Guys. In this patent the Cores are numbered Core 0, Core 1, ... Core 7. As if they are 8 core CCX's, or something like that.

But isn't Windows or any application that sees THREADS of the CPU see them the same way?
T0, T1, T2... T7.

Aren't we looking at Threads, not cores, despite the vagueness of the patent drawings?

Patent? What patent?

 

[Glo.]

Maddie is saying that Ryzen will use the same CPU die as ROME, along with a I/O die designed specifically for desktop, with a silicon interposer.

Because it can. Imagine a stiation where Intel delivers IceLake architecture on 12 nm process. What AMD is doing with 4th gen Ryzen CPUs?
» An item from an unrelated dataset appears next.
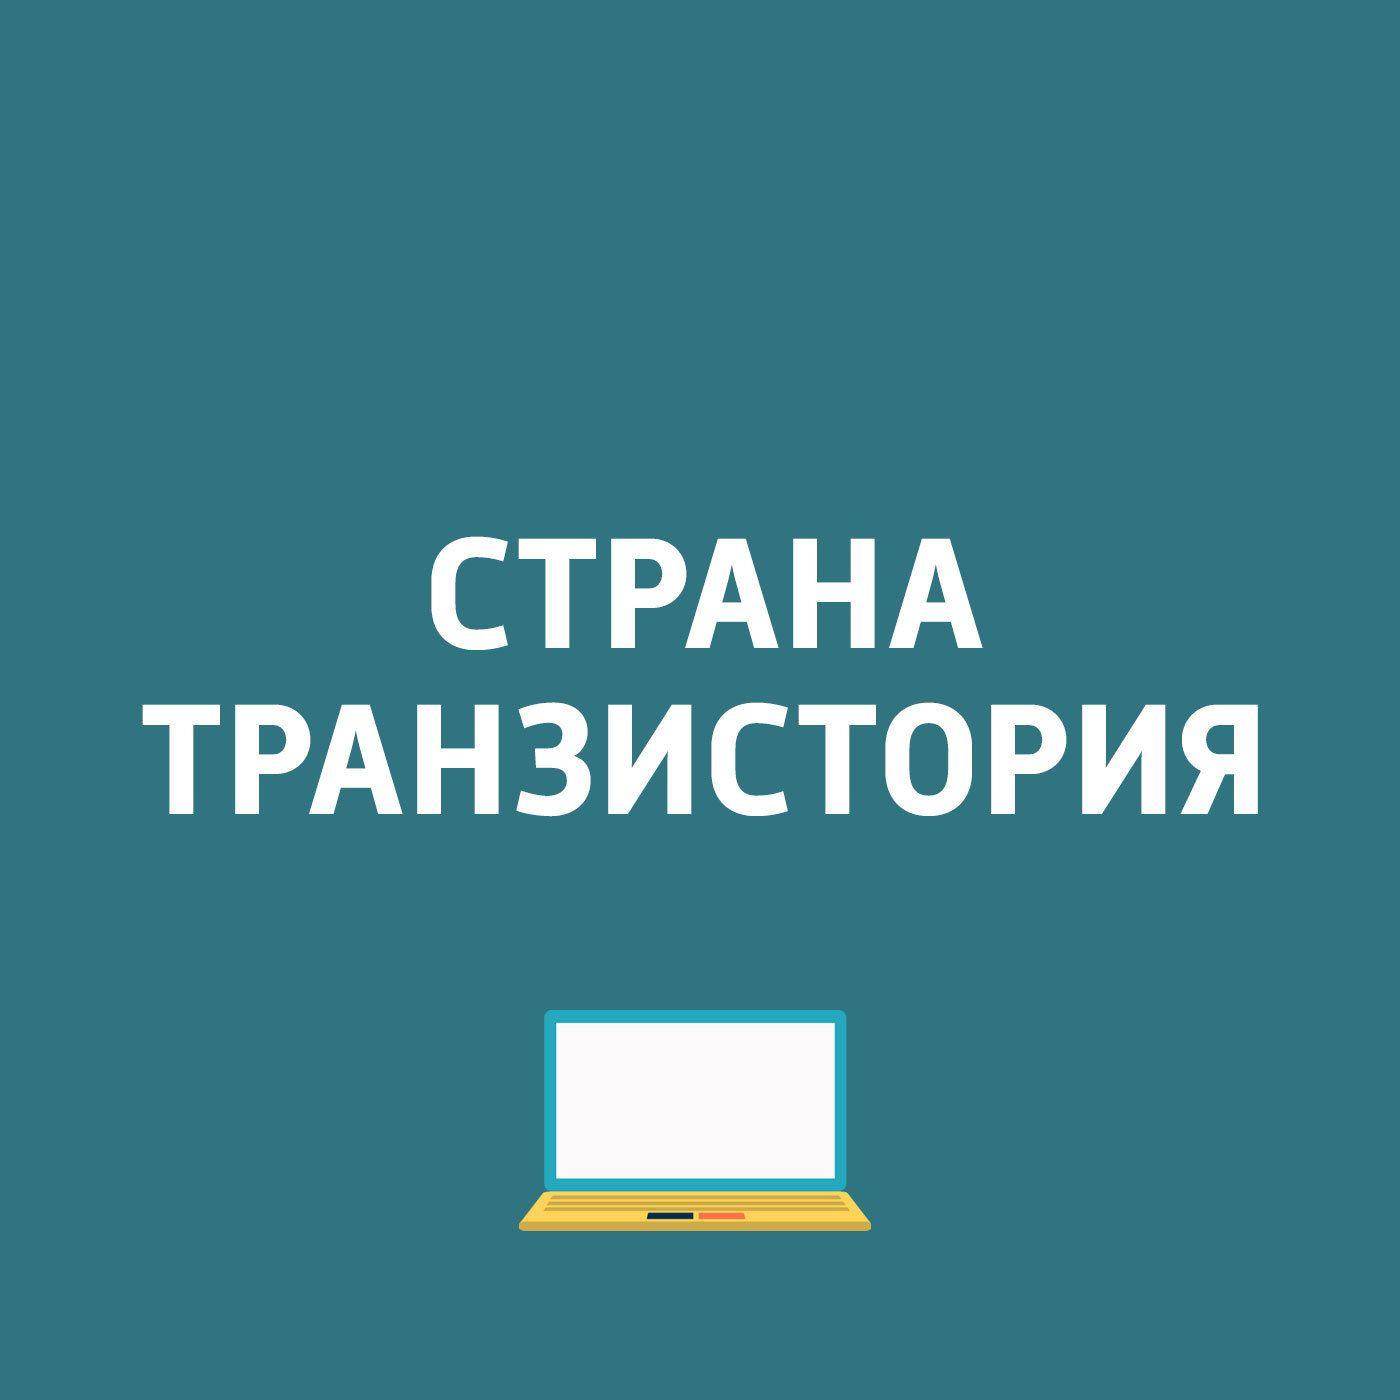 Фото - Картаев Павел О внешних дисках с подключением к интернету по WiFi; Старт продаж Nokia 1 Plus; Камера Rally mail ru group объявила о запуске нового мессенджера tamtam

Adds 16C/32T to the lineup: Interposer, two Matisse dies, and one additional die, just like from Server. Everything else is just segmentation. Where you will not need dual die - there will be one, single die on AM4 package.

Patent? What patent?

https://www.freshpatents.com/-dt20180823ptan20180239708.php
This patent.

This specific Image. Memory Controllers are part of CPU die, aren't they?

 

[kokhua]

Because it can. Imagine a stiation where Intel delivers IceLake architecture on 12 nm process. What AMD is doing with 4th gen Ryzen CPUs?

Adds 16C/32T to the lineup: Interposer, two Matisse dies, and one additional die, just like from Server. Everything else is just segmentation. Where you will not need dual die - there will be one, single die on AM4 package.
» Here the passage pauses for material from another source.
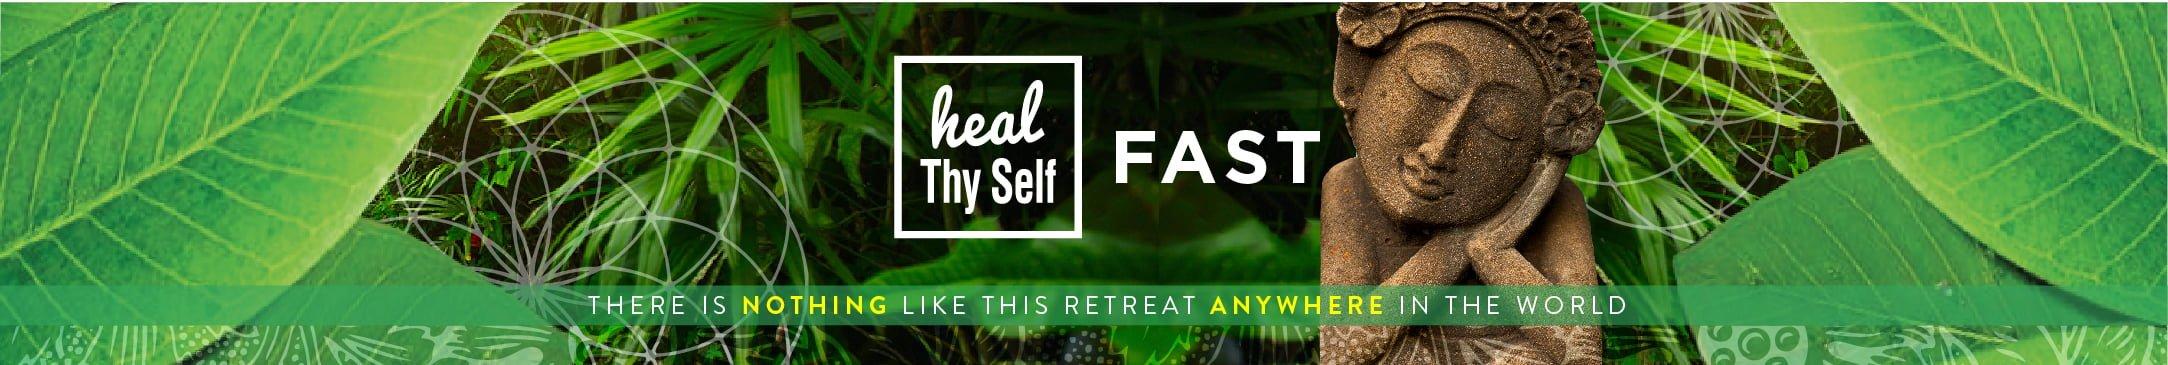 heal thy self fast

I don't think multi-die and silicon interposer is the way to go for Ryzen. But never mind, we agree to disagree. Time will tell.
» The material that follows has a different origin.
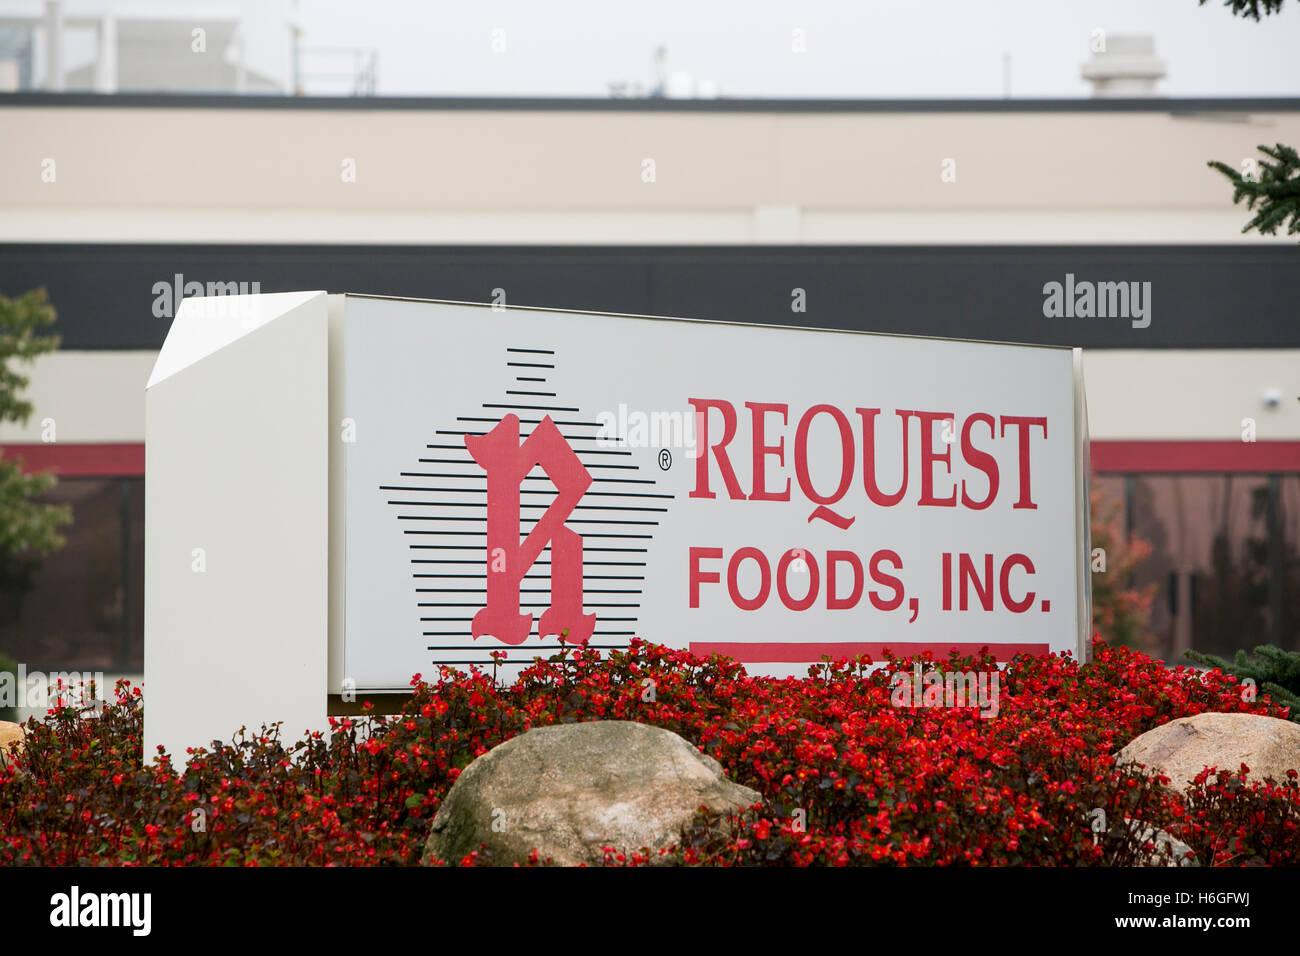 Un logo segno al di fuori della sede della richiesta di alimenti, Inc., in Olanda, Michigan, il 16 ottobre 2016. Immagini Stock

This specific Image. Memory Controllers are part of CPU die, aren't they?

I haven't seen this patent before. Don't know what it is referring to.

 

[moinmoin]

I'm not sure the chiplet approach of separating cores from uncore and then keeping the latter at 14/12nm makes much sense at the current state. We already have the situation that the cores in Zeppelin are pretty much perfectly optimized for power consumption, being essentially power gated at idle. On the other hand the uncore in Zeppelin is the huge power burner on MCM packages, multiplying the high level of power consumption at idle. Moving the cores to 7nm may improve their power consumption at load, with the new process node also allowing for higher performance. But the high power consumption of the uncore is not being tackled by centralizing it in one massive chiplet at an older node.

 

[kokhua]

I'm not sure the chiplet approach of separating cores from uncore and then keeping the latter at 14/12nm makes much sense at the current state. We already have the situation that the cores in Zeppelin are pretty much perfectly optimized for power consumption, being essentially power gated at idle. On the other hand the uncore in Zeppelin is the huge power burner on MCM packages, multiplying the high level of power consumption at idle. Moving the cores to 7nm may improve their power consumption at load, with the new process node also allowing for higher performance. But the high power consumption of the uncore is not being tackled by centralizing it in one massive chiplet at an older node.

Just to clarify: I am *NOT* trying to figure out what is the best theoretical architecture for ROME. I am trying to *GUESS* what ROME might look like given the credible rumors that it is (a) 64C/128T, and (b) sports a 9-die configuration. That's what the diagram is all about.

Having said that, in Naples, the IF interconnects between the 4 Zeppelin dies burn a lot of power in operation. In this architecture, there are no IF links between the CPU dies; the "fabric" is moved into the System Controller (the "Cache Coherent Network"). Since the power hungry SERDES are no longer required, power is saved. However, the CPU-SC links do burn power.